Jan 27, 2009

Hibernate Composite Keys Bug

Hi,

While working on the last few weeks on the last Gigaspaces XAP version, we were upset to find that it does not support composite keys (2 or more fields that serve as the table primary key) when using the default Hibernate connector.

When we investigated the issue, we found out that since Gigaspaces XAP is heavily relayed on Hibernate, and since Hibernate does not support this, Gigaspaces does not support this as well. UPDATE: Gigaspaces is not heavily relayed on Hibernate, rather than provides Hibernate as its default out of the box ORM mapping solution.

It seems that we are not the only one who suffers from this issue in Hibernate (see the error code: Expected positional parameter count: 1, actual parameters: [Parent@bec357b] [from Child this where this.id.parent = ?])

We are working on an applicative solution to solve this issue, but not found time yet to get deep into the Hibernate source code and solve this issue due time stress.

Hope somebody will solve that, before we'll get to it again :-)

UPDATE: Please notice the thread regarding this post which discuss Gigaspaces other external data sources, virtual fields, how to overcome this Hibernate composite keys limitation and their drawbacks.

Best Regards,
Moshe.
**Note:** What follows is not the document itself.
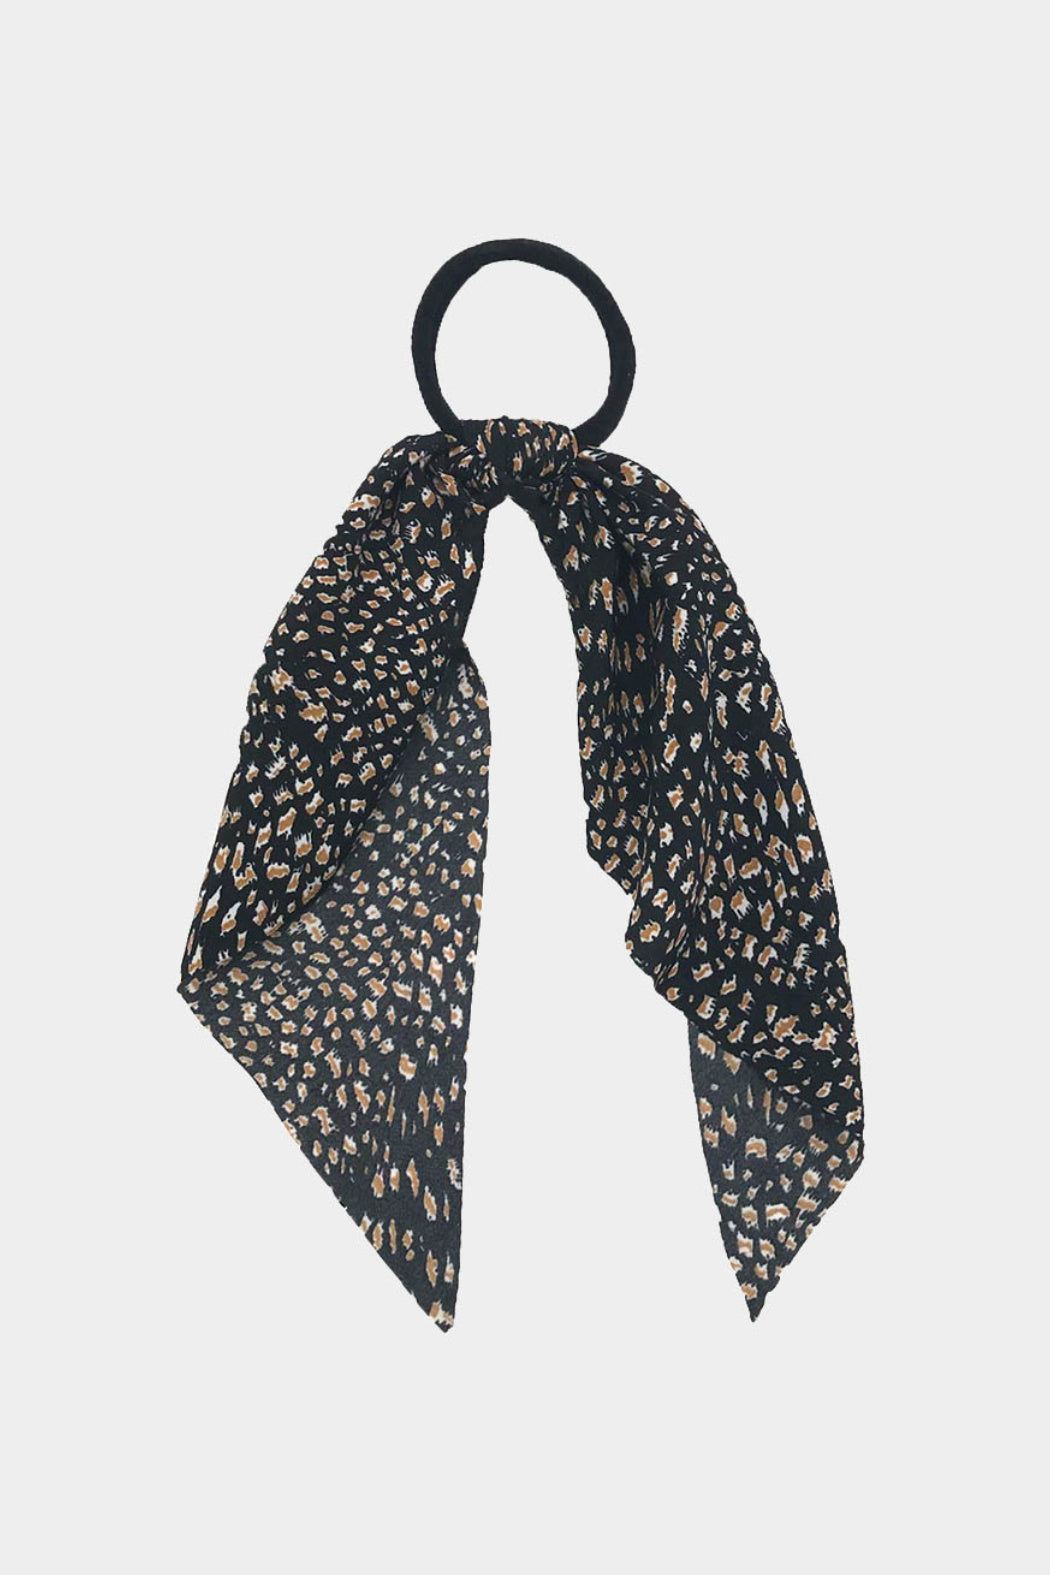 Black Leopard Hair Tie - Embellish Your Life 
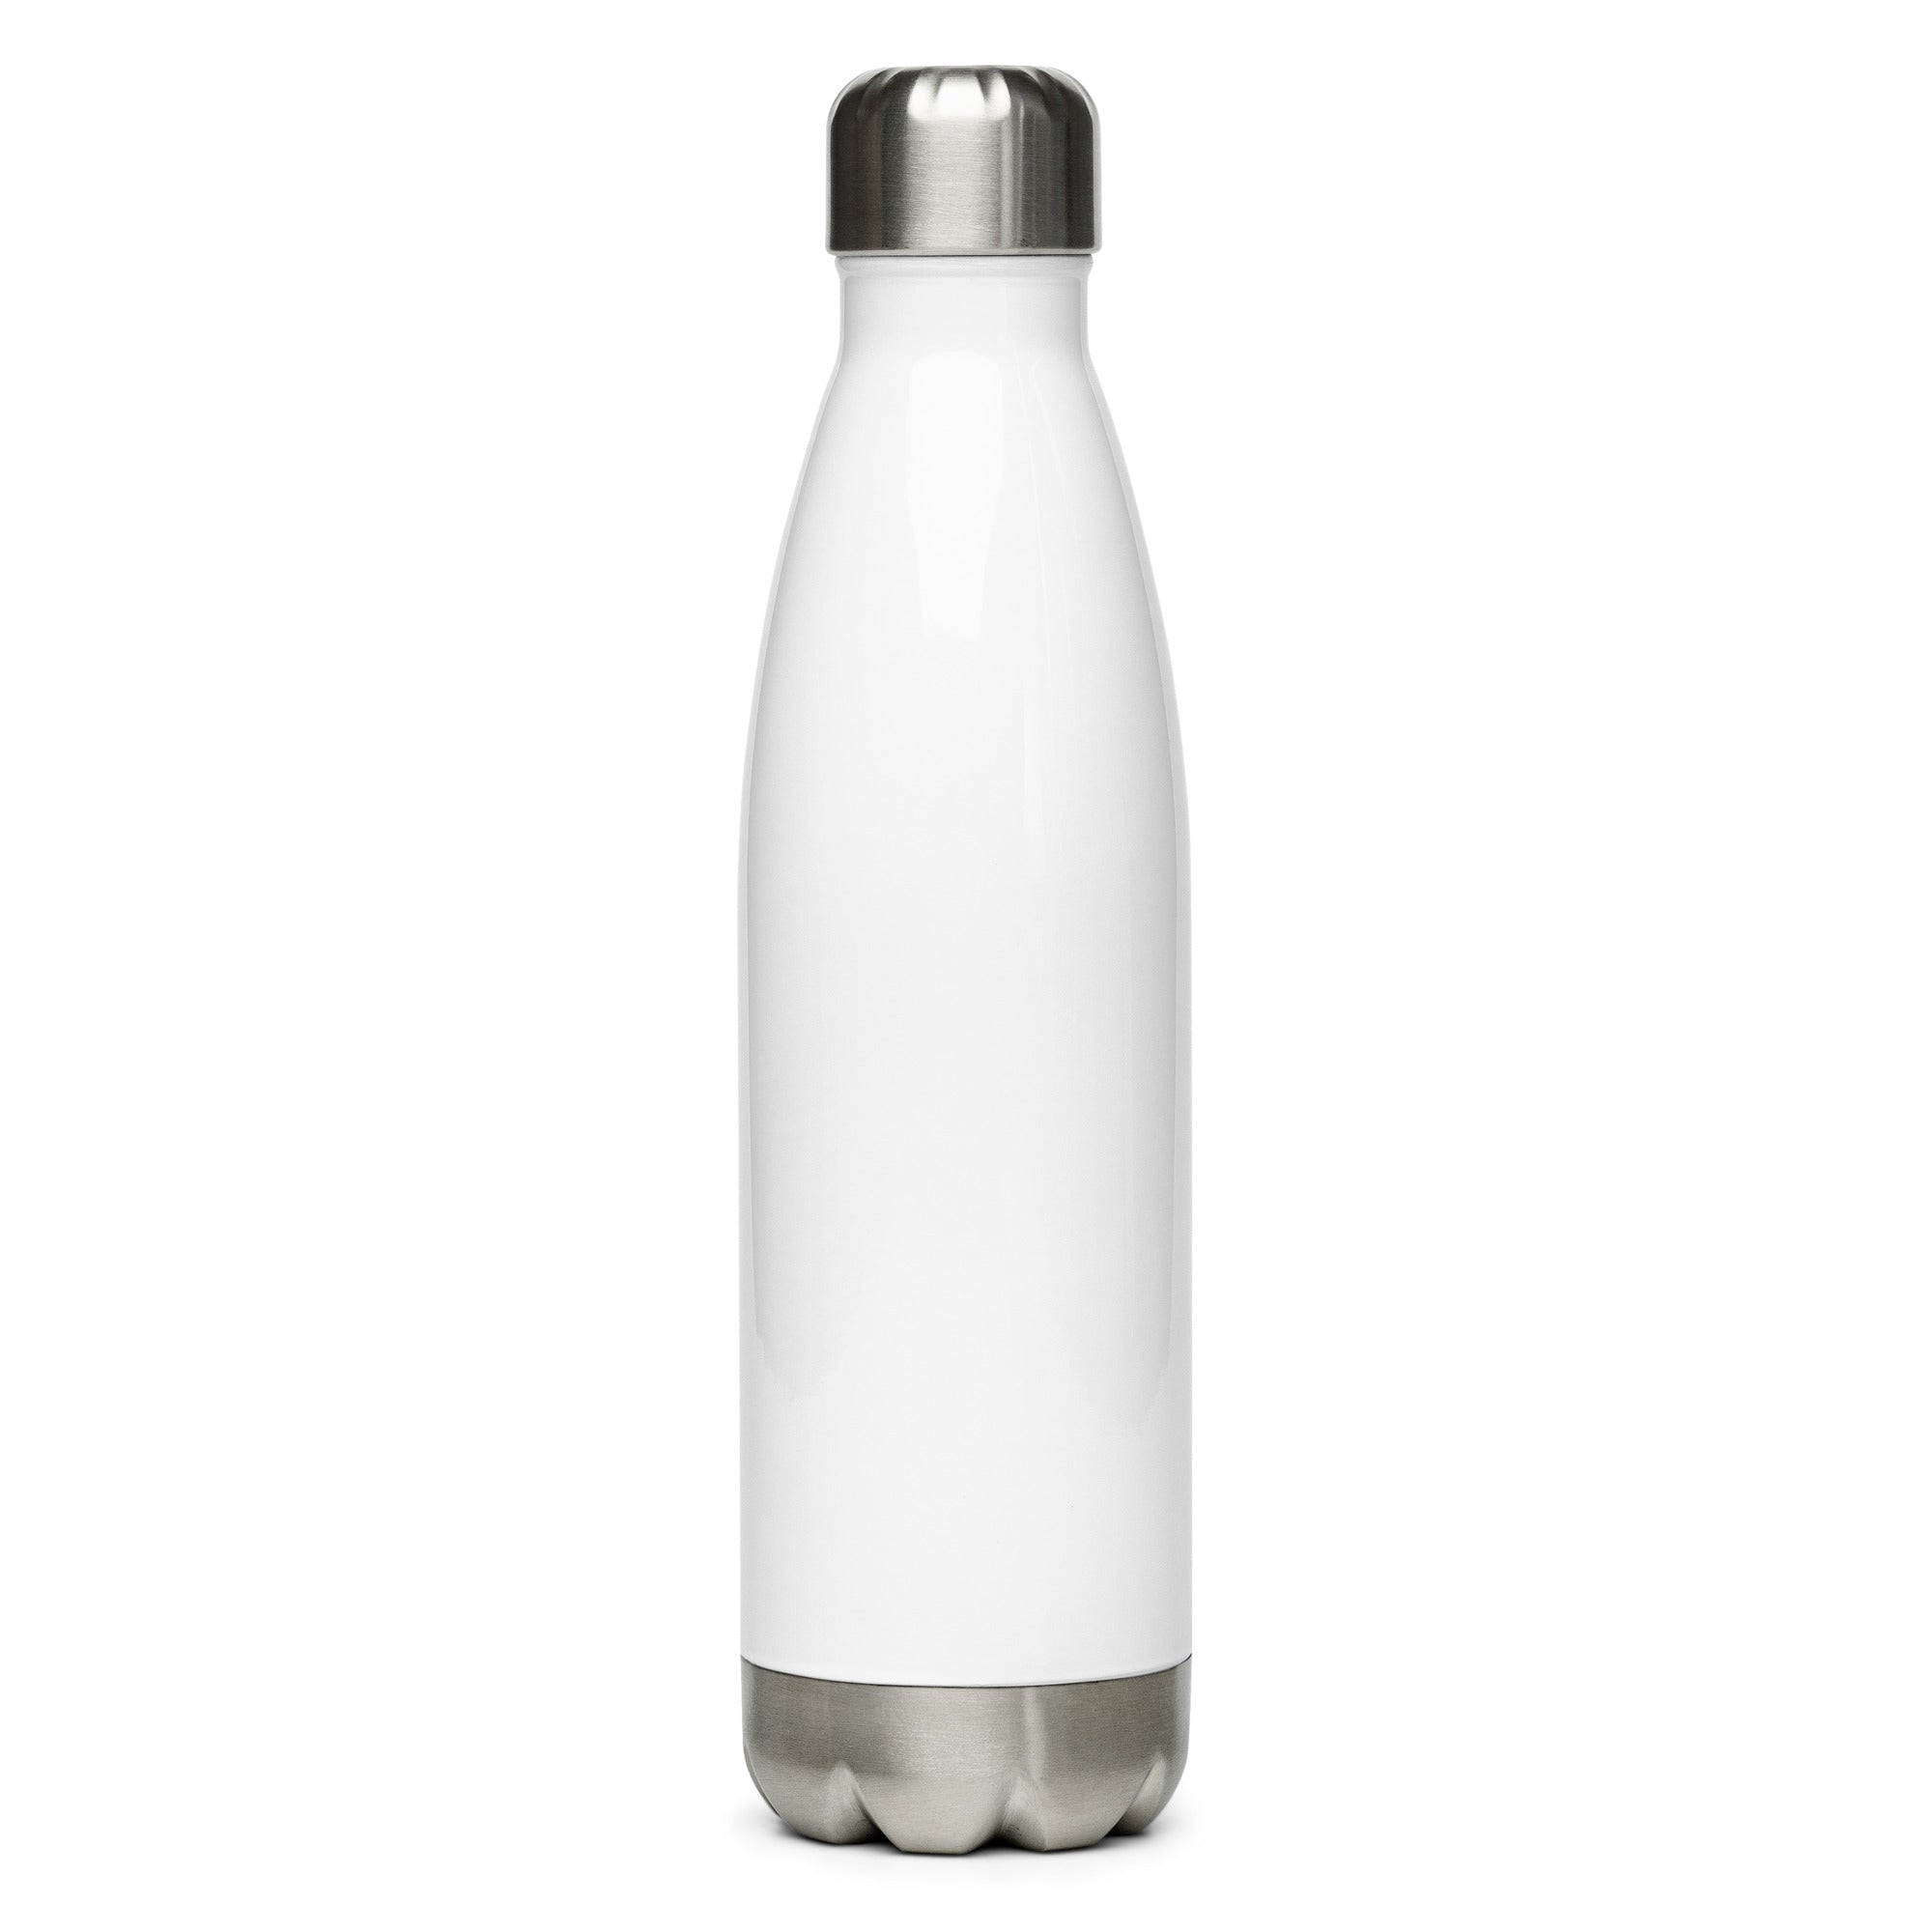 Stainless steel water bottle - Psalm 91

RockeTier. The Performance Experts.

Jan 26, 2009

How much can you get out of your MySQL

Hi,

As you probably understand, our team, as always, is taking these days MySQL to its limits. It is our pleasure to share the insights with you.

First lets make a small assumptions to the process: We were dealing with InnoDB configuration (which MySQL engine should I choose?)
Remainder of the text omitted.